My fingers are at Luc’s belt, when he stops suddenly and pulls away. My heart stills. My face feels stiff with shame as I sit up, ready to gather my dress around myself and begin the awkward justifications – no, you’re right, it’s fine, I don’t know what I was thinking.
It’s only when he goes to the front door and shoots the bolt, that I understand, and a kind of dizzying heat washes over me – a realisation that this is it, that we are really going to do this.
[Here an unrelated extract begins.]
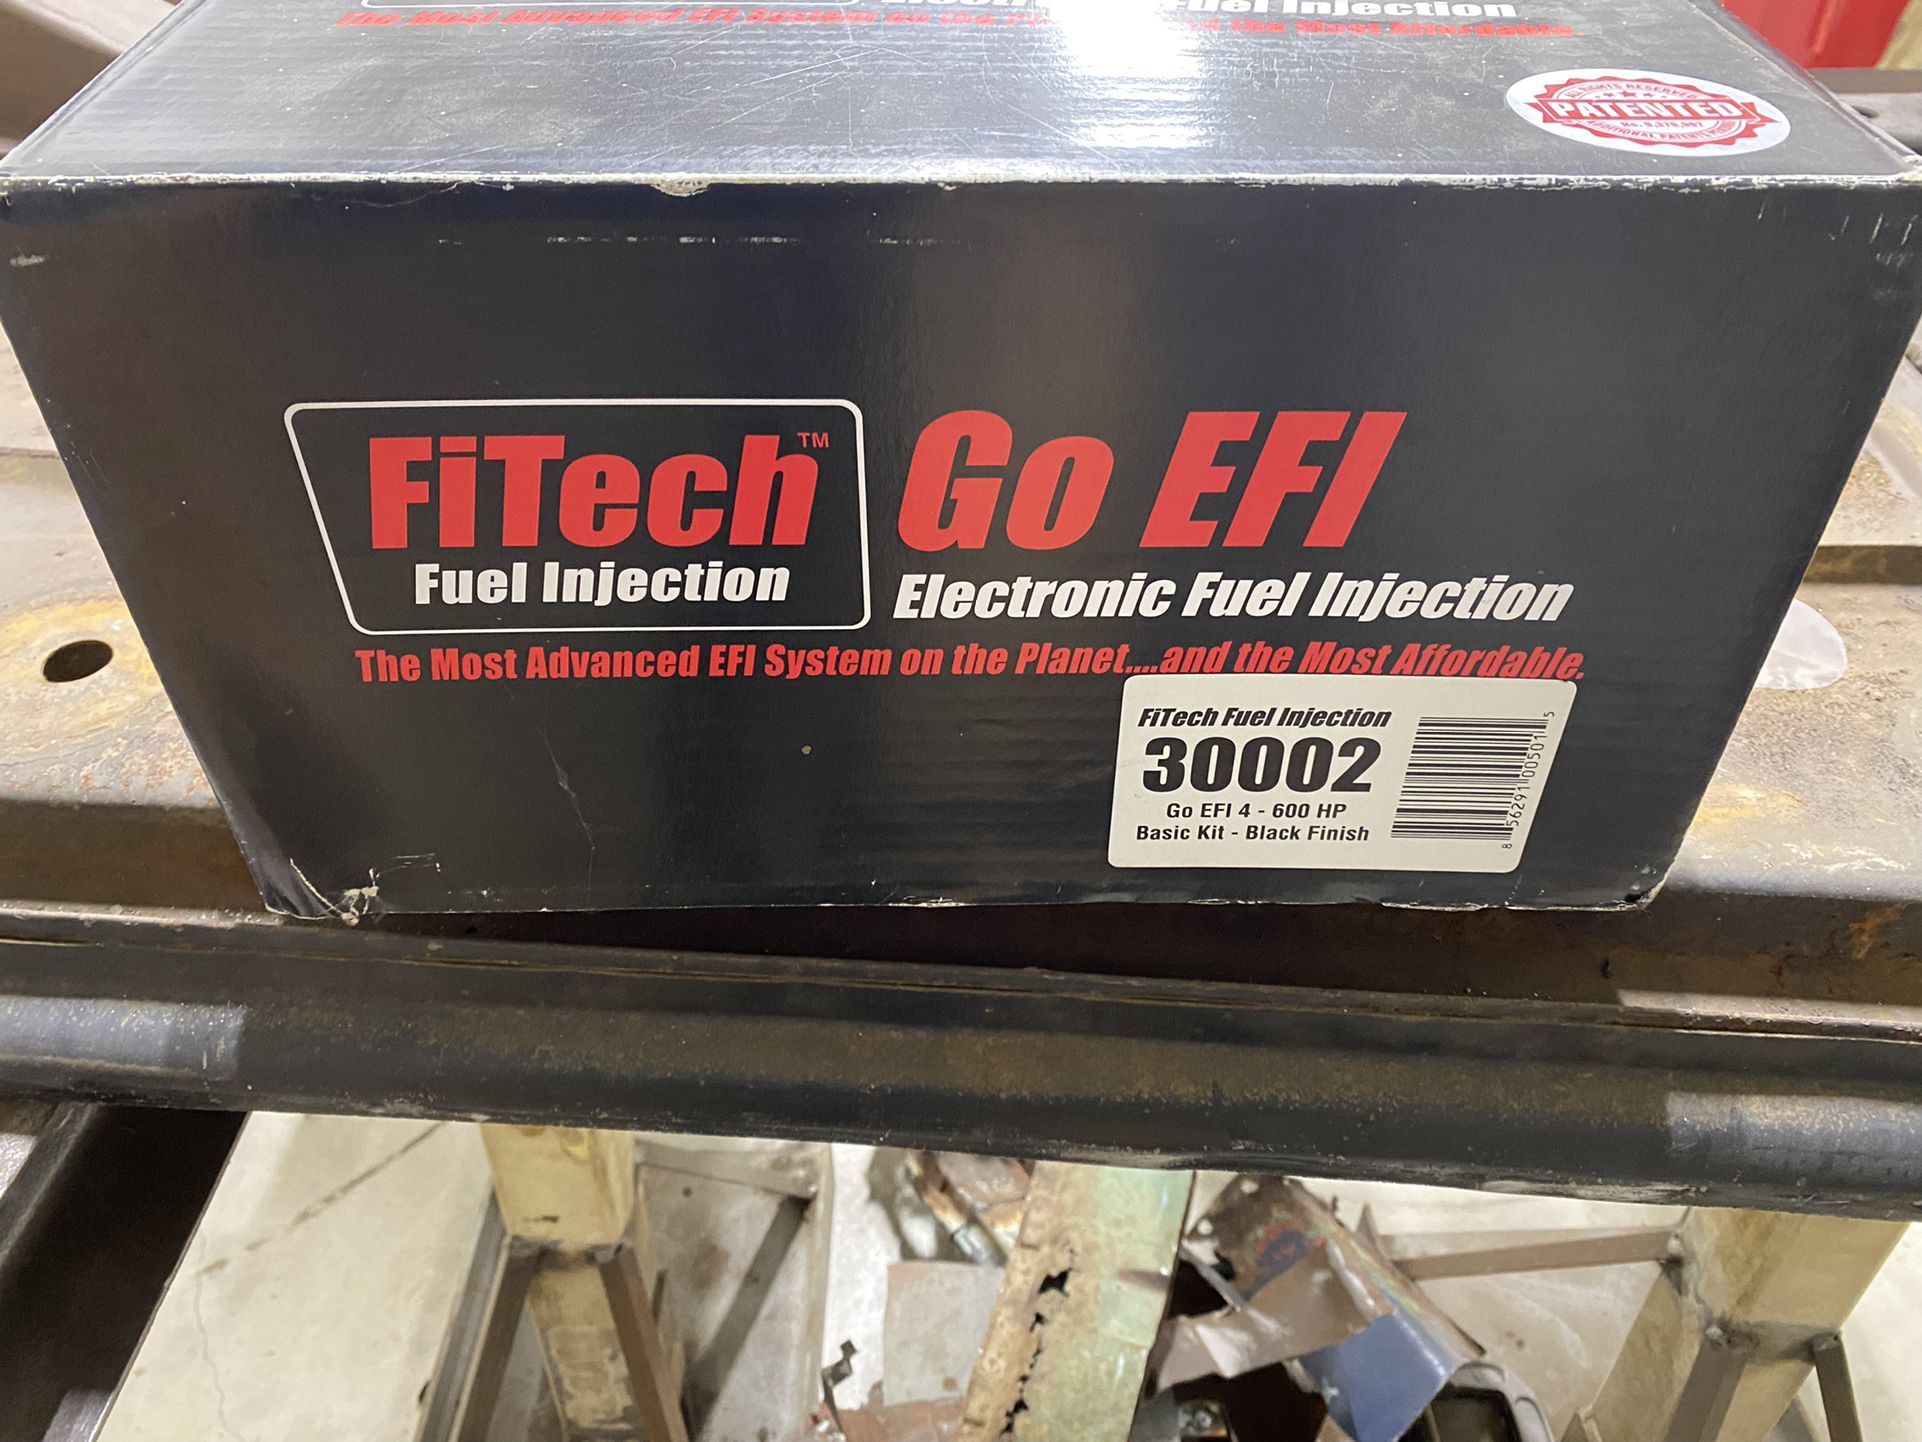 FiTech Go EFI

When he turns back to me, he smiles, a smile that transforms his serious face into the fifteen-year-old I once knew, and my heart seems to rise up inside me, making it hard to breathe – but the pain – the pain that has been there since I found those drawings on the mat, since Owen’s angry accusations, since all of this began – that pain is gone.
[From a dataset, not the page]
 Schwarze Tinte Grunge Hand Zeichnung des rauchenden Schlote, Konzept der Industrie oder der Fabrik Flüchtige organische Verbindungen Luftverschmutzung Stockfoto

The soft, saggy sofa sighs as Luc climbs onto it, and I lie back and he takes me in his arms, and I feel his weight against me. My lips are on his throat, feeling the tenderness of the skin between my teeth, and tasting the salt of his sweat … and then suddenly I freeze.
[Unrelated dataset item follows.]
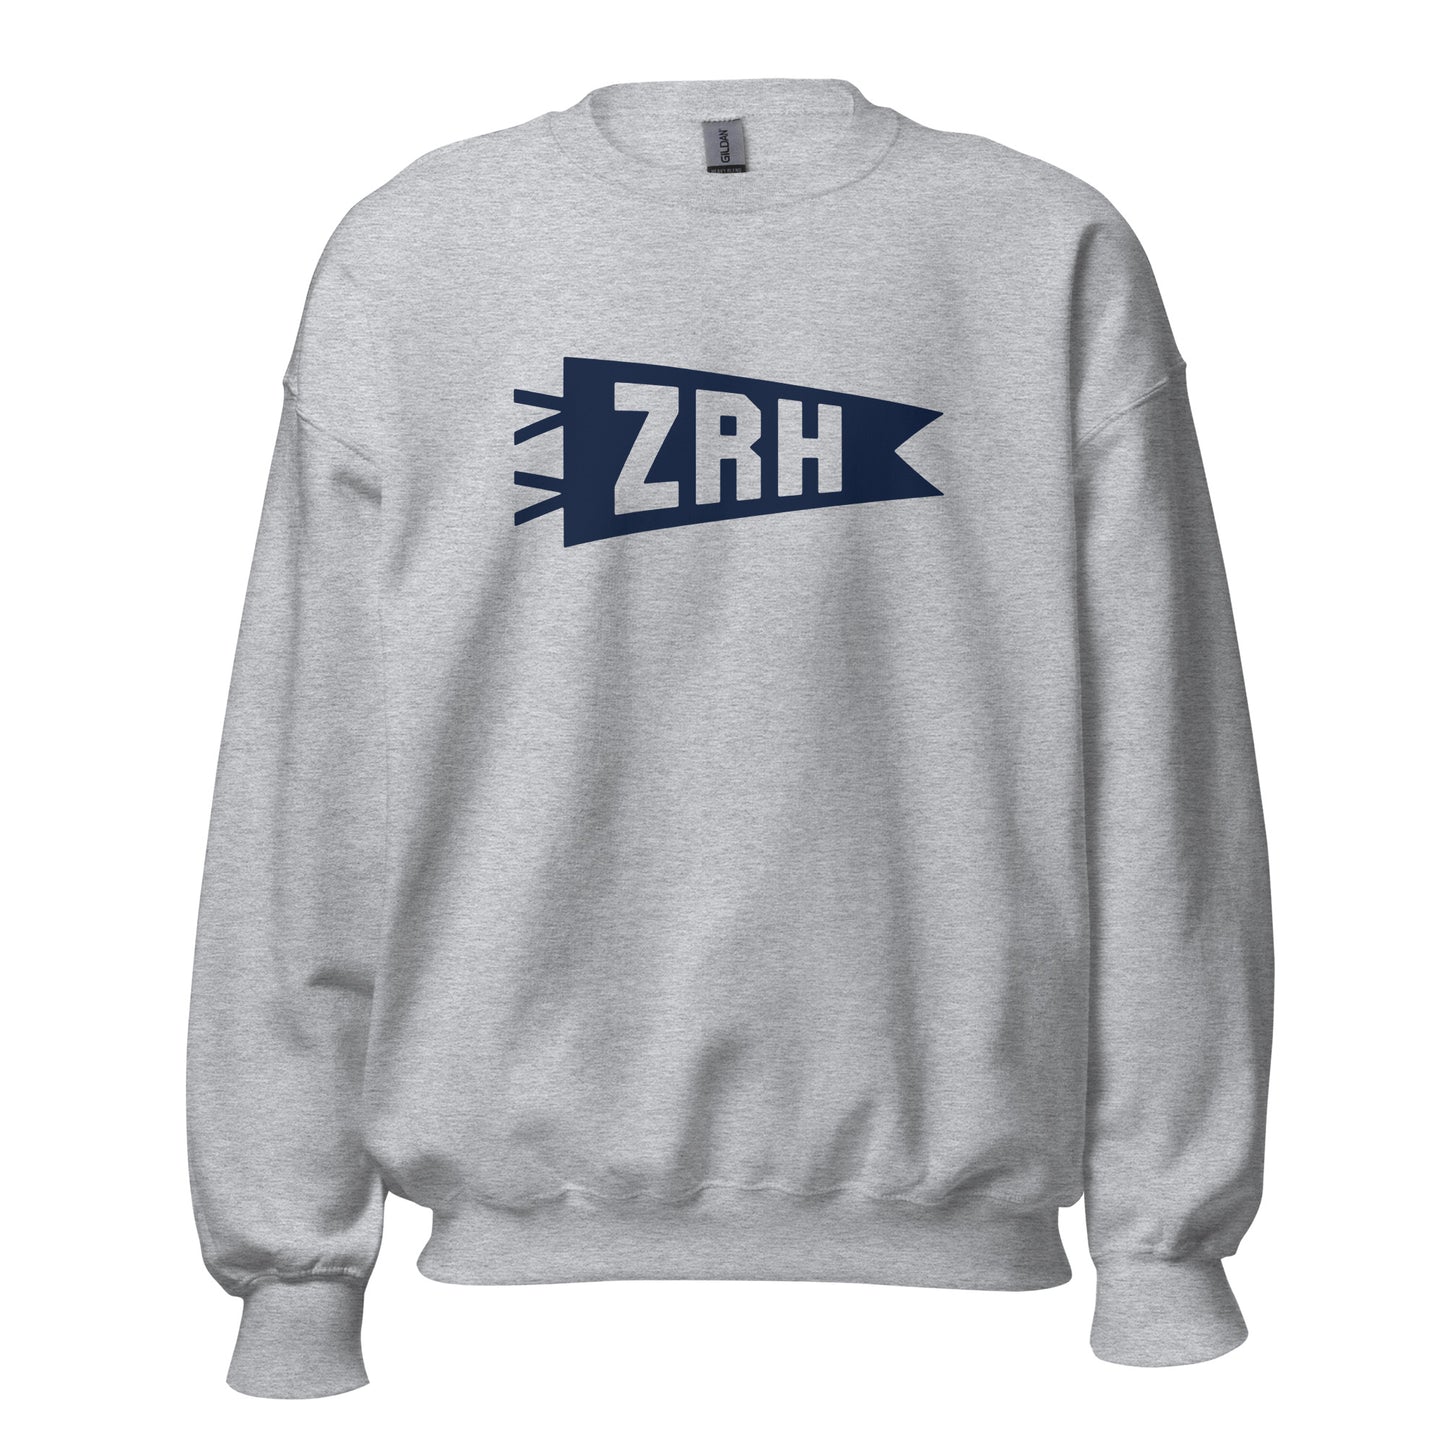 Airport Code Sweatshirt - Navy Blue Graphic • ZRH Zurich • YHM Designs - Image 08

For there, in the shadows at the top of the staircase, something is moving. A figure in the darkness.
Luc stops, raises himself up on his arms, feeling the sudden tense stillness of my muscles.
‘Isa? Are you OK?’
I can’t speak. My eyes are fixed on the dark space at the top of the stairs. Something – someone – is up there.
Pictures flash through my head. A gutted sheep. A bloodstained note. An envelope full of drawings from the past …
Luc turns, looks over his shoulder in the direction of my gaze.
The draught of his movement makes the lamp gutter and flare, and for a moment, just the briefest of moments, the flame illuminates the face of the person standing in the darkness, silently watching.
It is Kate.
I make a sound – not a scream, but something close to it, and Kate turns and disappears into the silent upper floors.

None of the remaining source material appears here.